I click on Marketwatch because I want to know how my investments are doing and The Weather Channel because I want to know how to dress.

That's it.  I don't feel like I'm experiencing Information Overload.


----------



## palides2021 (Dec 30, 2021)

I think we're experiencing both information overload and the "dawning of expanding knowledge and understanding" through the computer and cell phones. As a senior, I am taking courses toward my Ph.D. Other people are retiring at my age. I don't think I'll ever retire.  I look forward to these graduate classes that challenge me, and the rigorous learning that goes on. I believe in neuroplasticity, and it has been determined to exist in older brains. I also believe in the phrase "If you don't use it, you lose it." So my brain is like a muscle. I exercise it daily and am expanding my knowledge. But at the same time, if I tire it out, by being on the computer all day and gathering information all day, I am exhausted by the time I go to sleep. So there has to be a balance, and it's up to us to be able to decipher our limitations and strengths. That is why sleep is so important because it allows the brain to clean itself and rejuvenate for the next day.

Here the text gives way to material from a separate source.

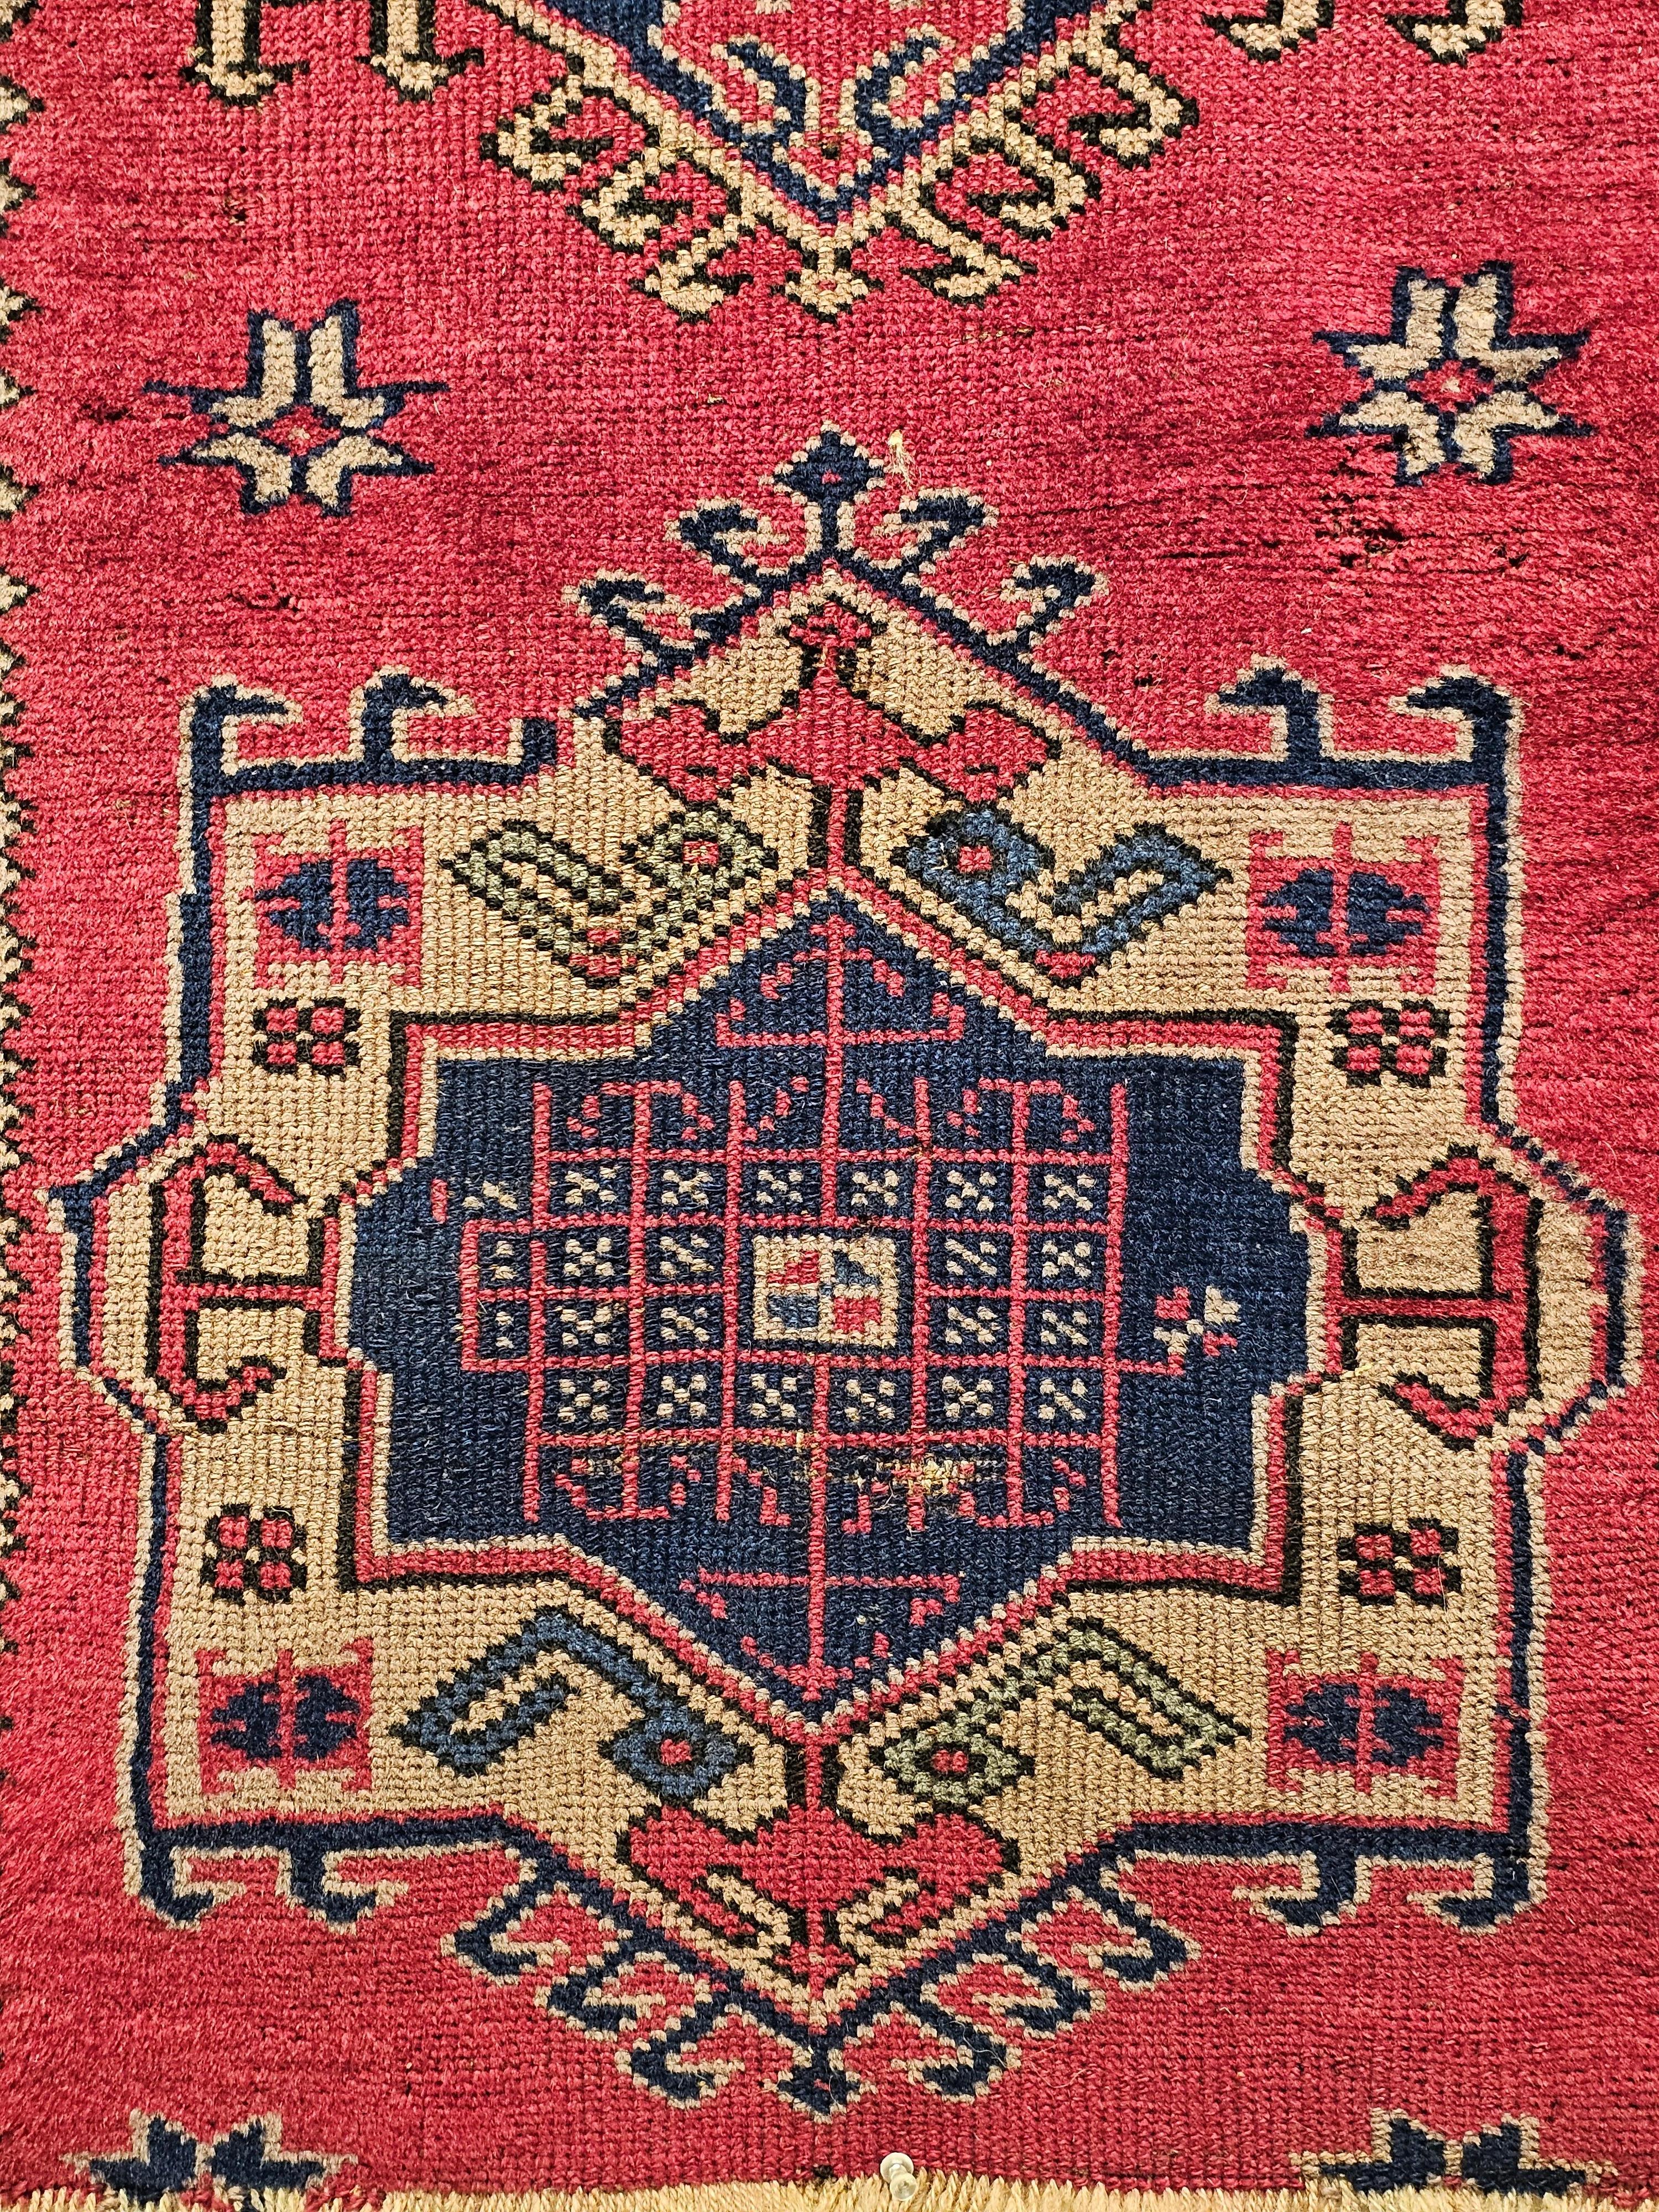 A Turkish village runner in a geometric medallion design similar to the Persian Heriz Karajeh runners.  The runner has a red background with four medallions in alternating colors of  ivory and navy background and designs in green, blue, pink and

Social media is like TV for me. I didn't get into the habit of watching TV because it always seemed to be a time waster when I had so many projects that needed to be done, but once in awhile, a comedy show was useful to relax with. Also, social media can be a time drain, and I only go on Facebook in the evenings to check on family and friends. That is how I maintain touch with those who live far away or internationally. I am not on it for long, though, but it is such a positive experience when friends and family reach out to me with positive energy. It actually distresses me.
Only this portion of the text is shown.